_Your assignment_
Scan the records below for the line with "PSD Web Template - Smak - One Page" and the line with "Grasses, sedges, and", and retype that range exactly, both ends included, pictures excepted.

_Exercise inputs_
--------------------

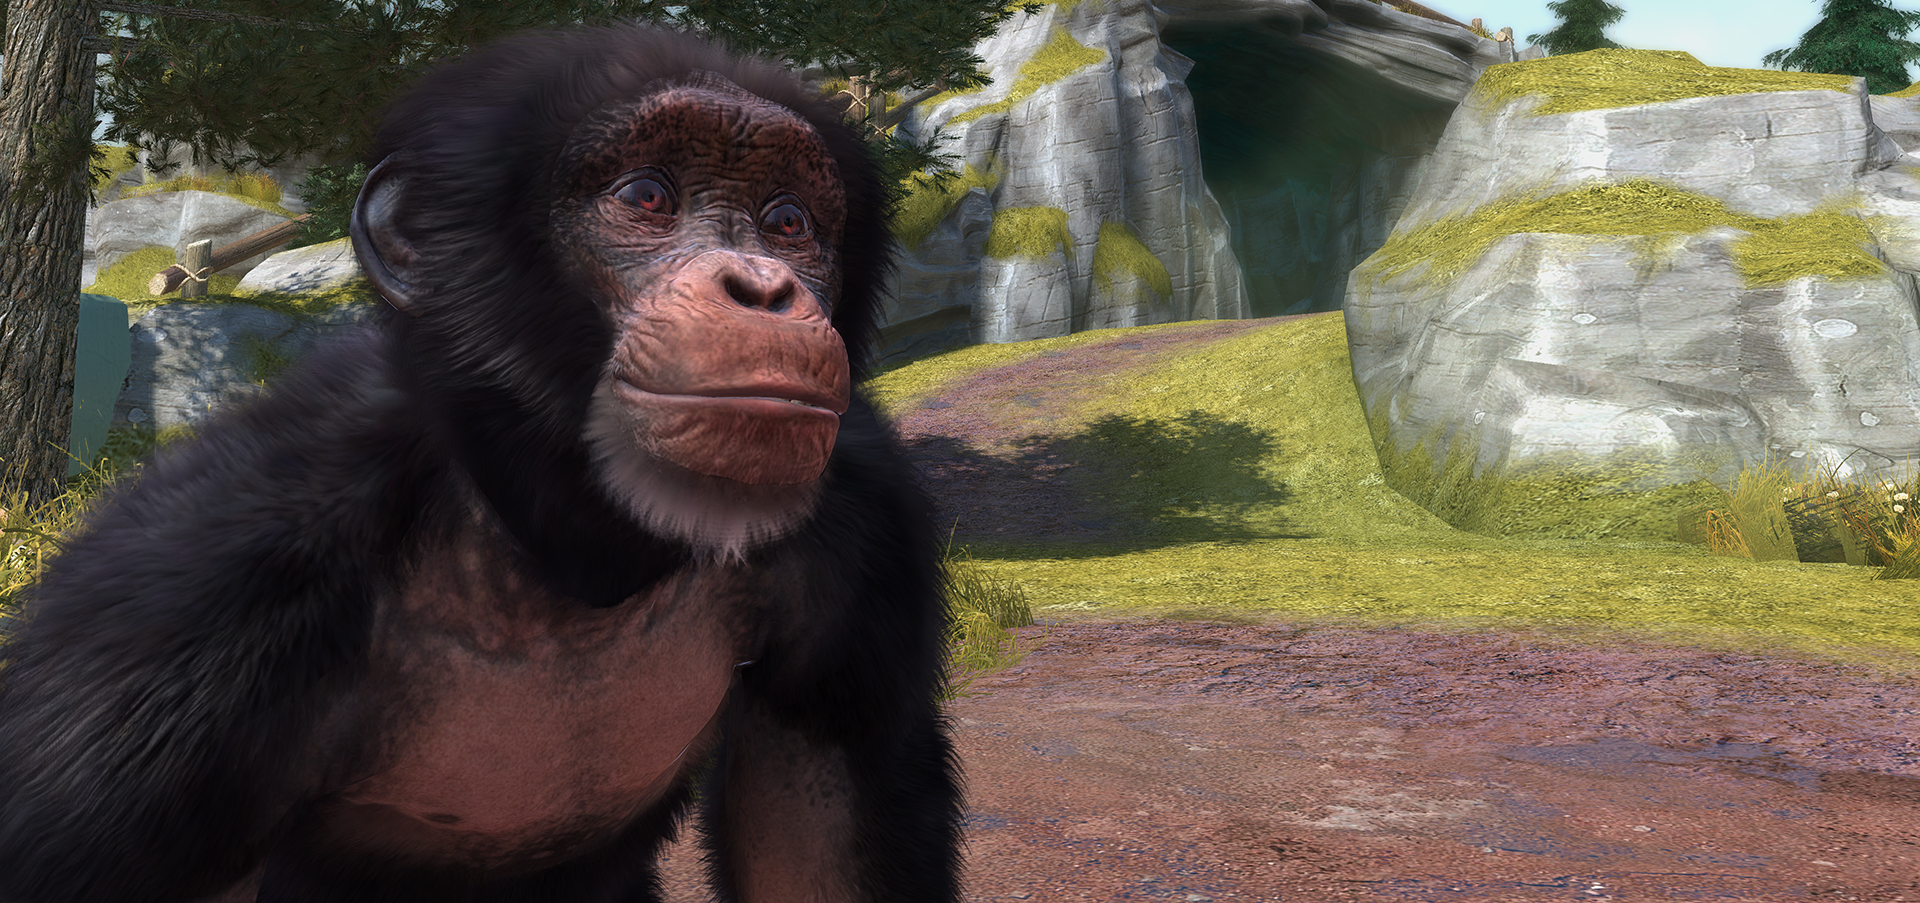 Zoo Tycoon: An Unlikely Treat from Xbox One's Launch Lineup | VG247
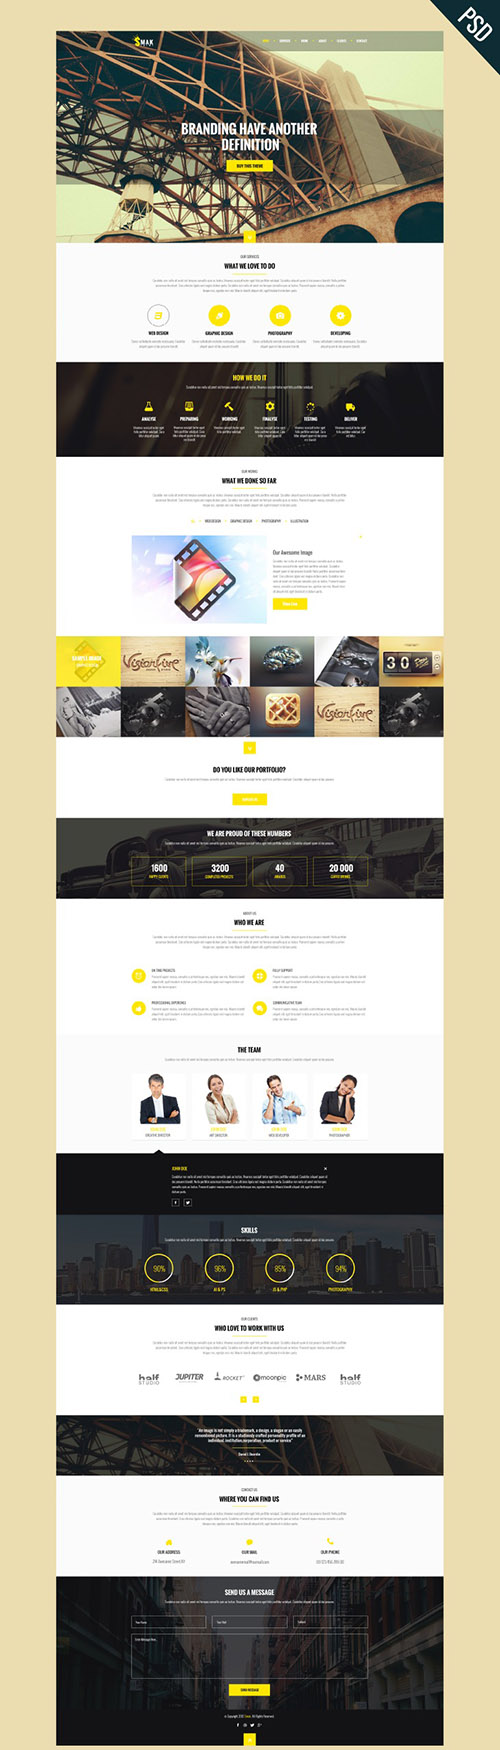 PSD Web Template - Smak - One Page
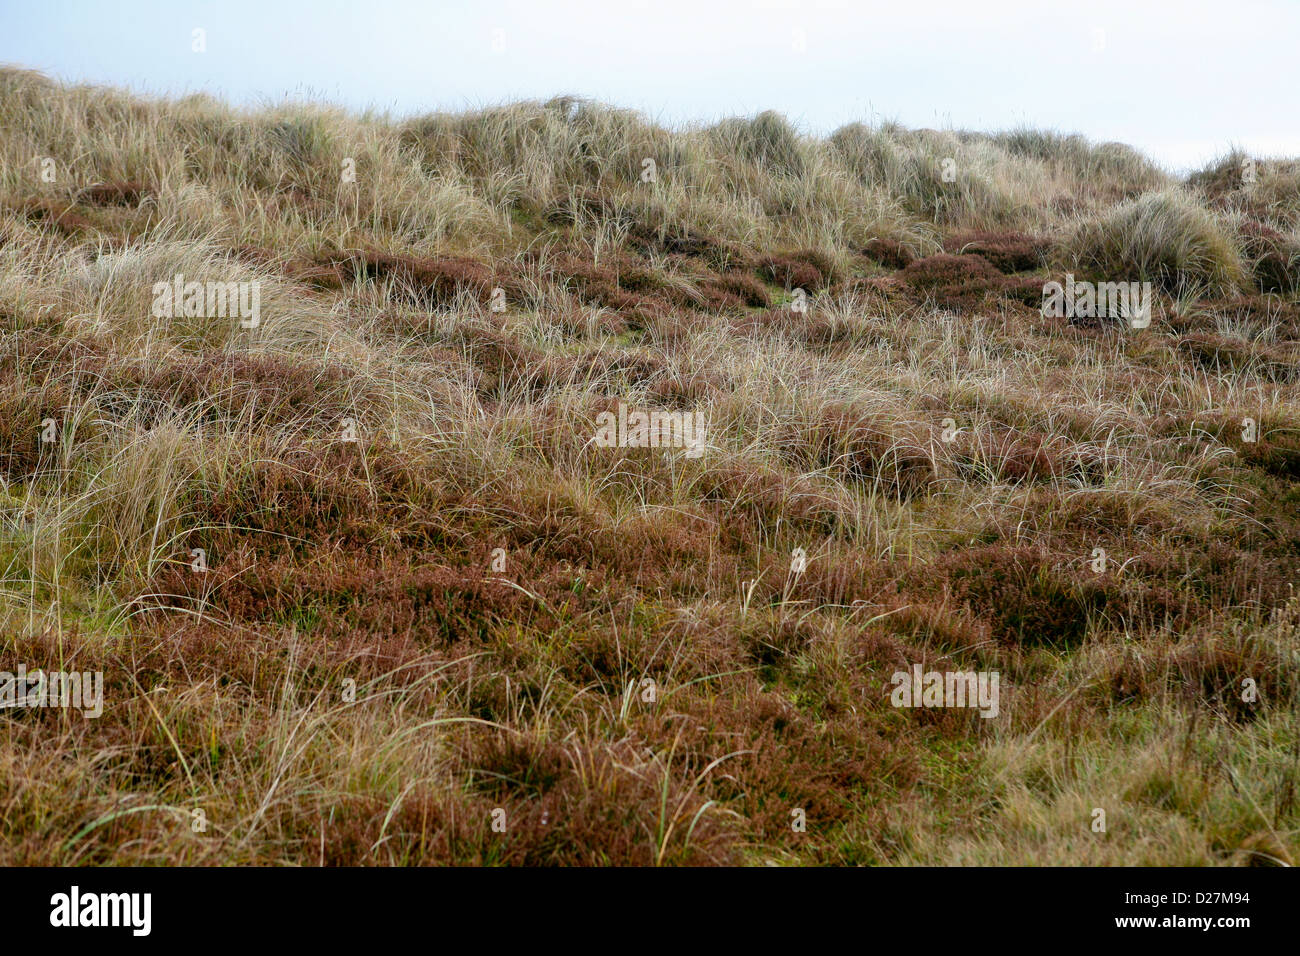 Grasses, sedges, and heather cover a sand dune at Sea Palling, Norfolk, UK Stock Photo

--------------------

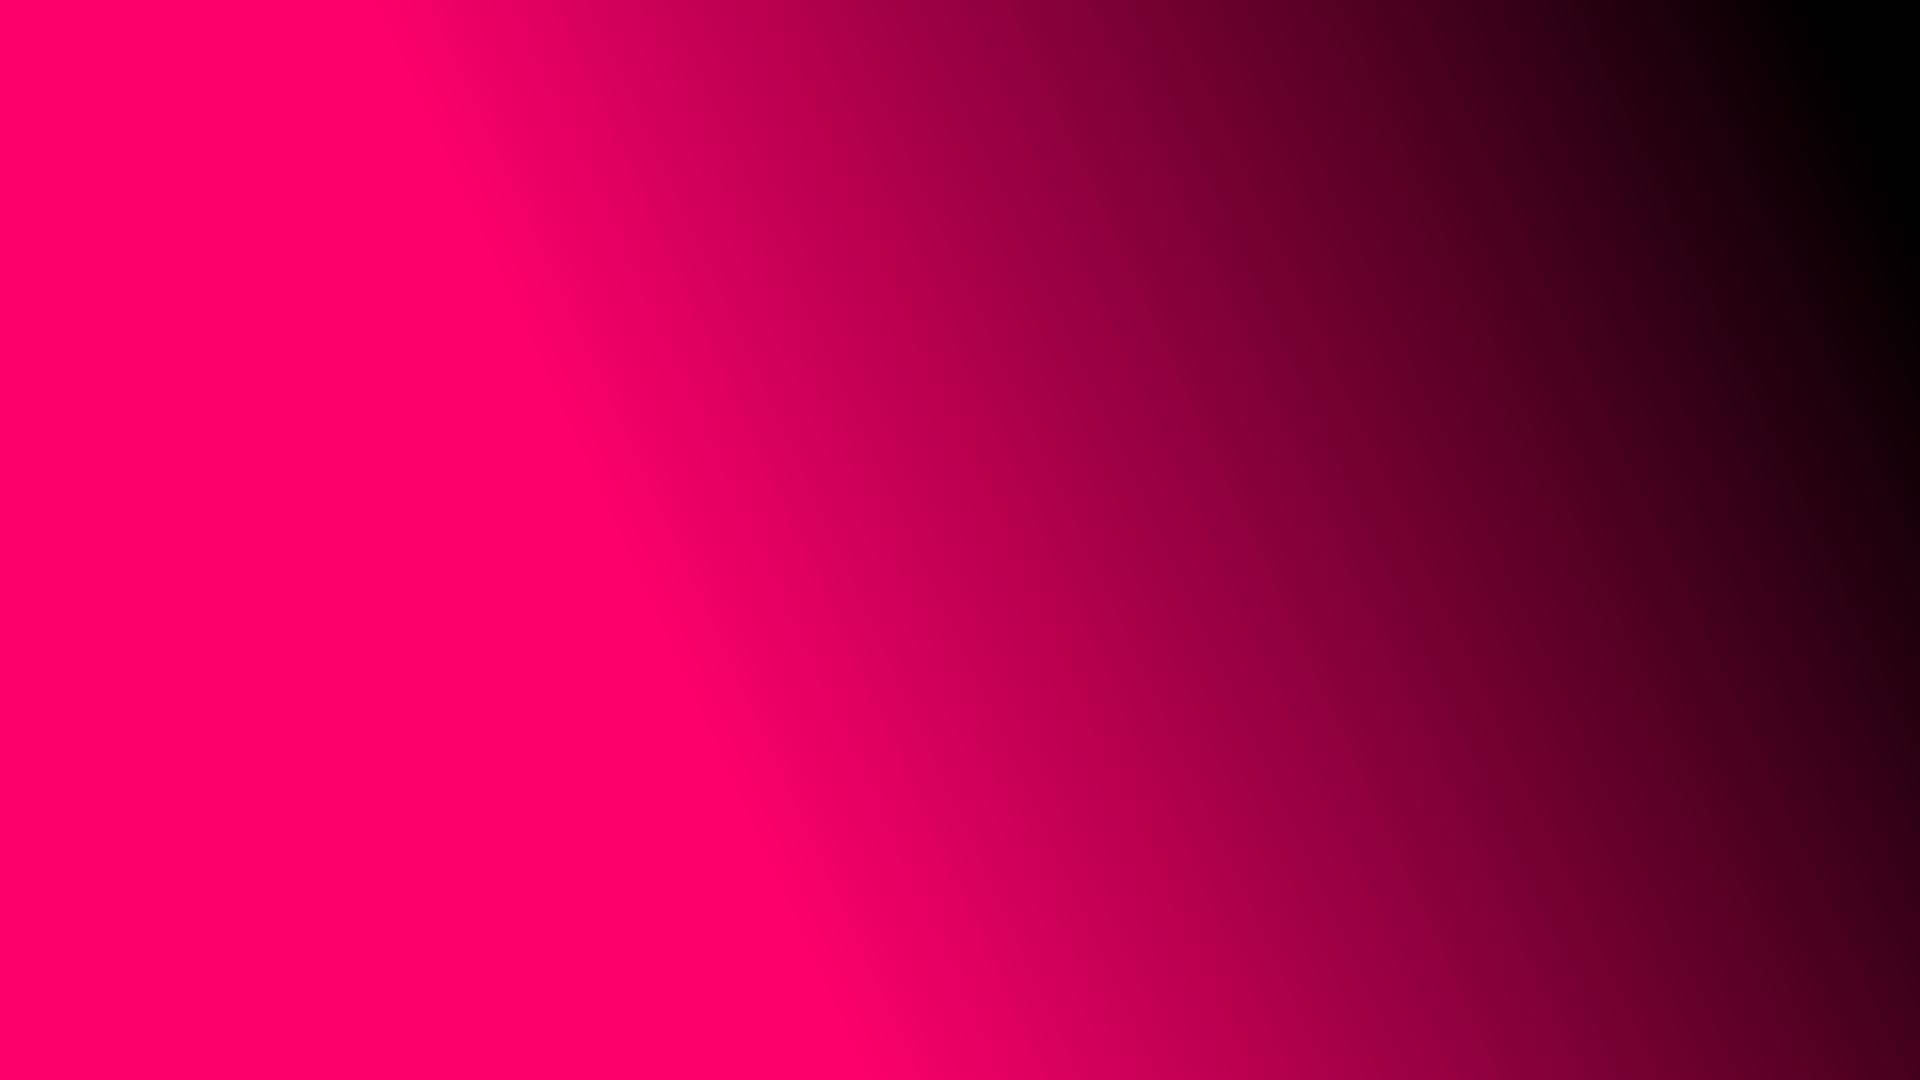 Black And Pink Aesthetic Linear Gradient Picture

--------------------

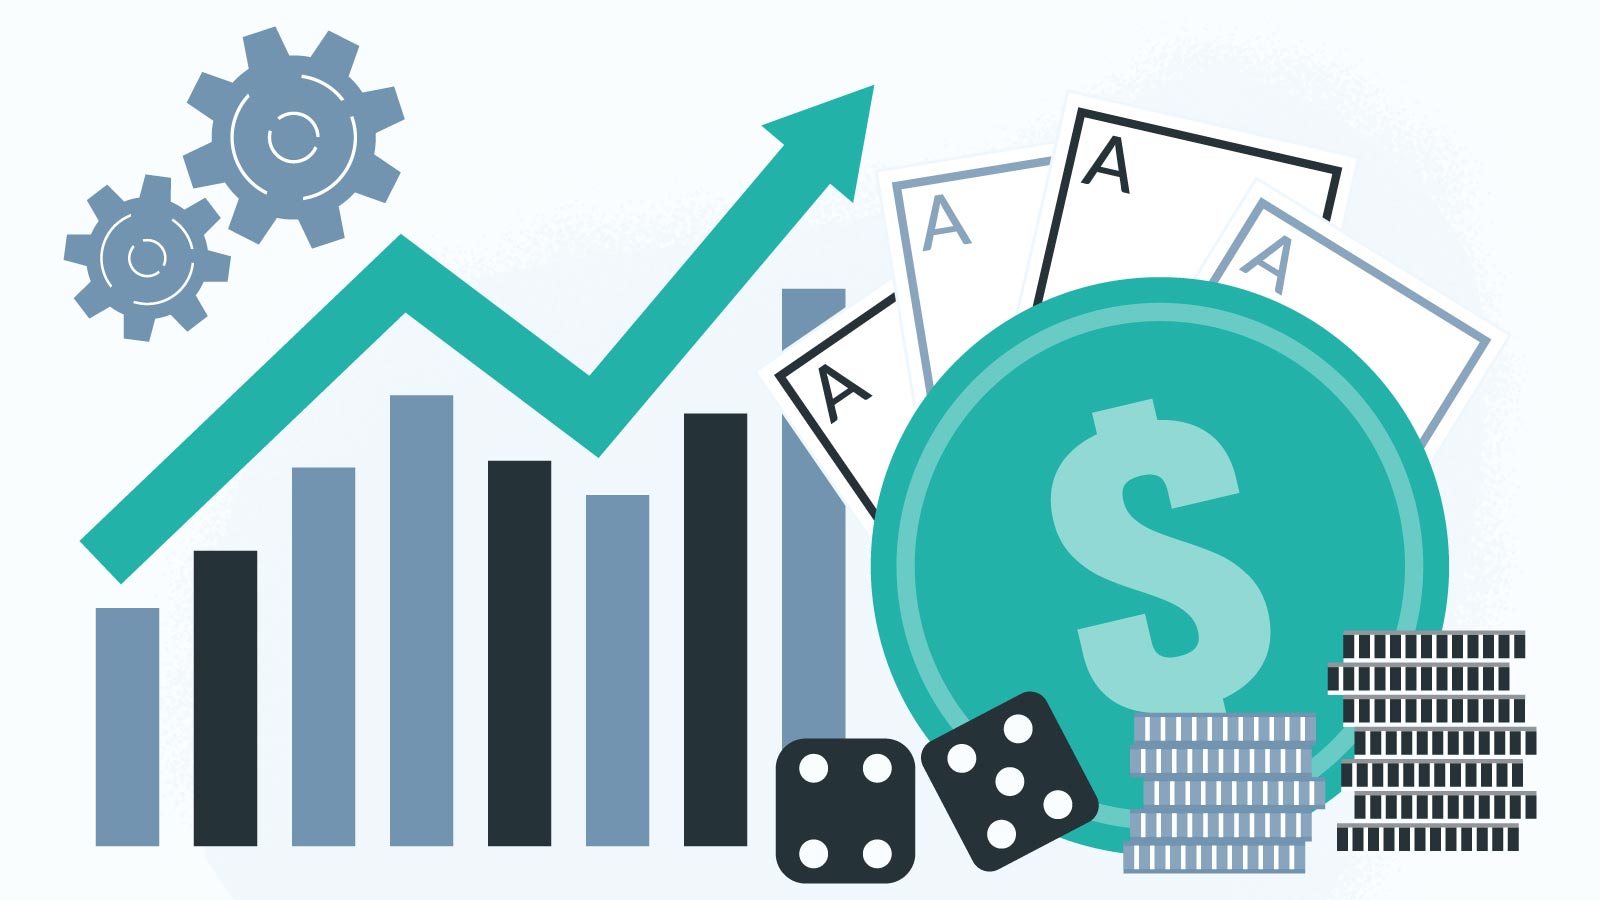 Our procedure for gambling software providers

--------------------

_Task output_
 PSD Web Template - Smak - One Page
 Grasses, sedges, and heather cover a sand dune at Sea Palling, Norfolk, UK Stock Photo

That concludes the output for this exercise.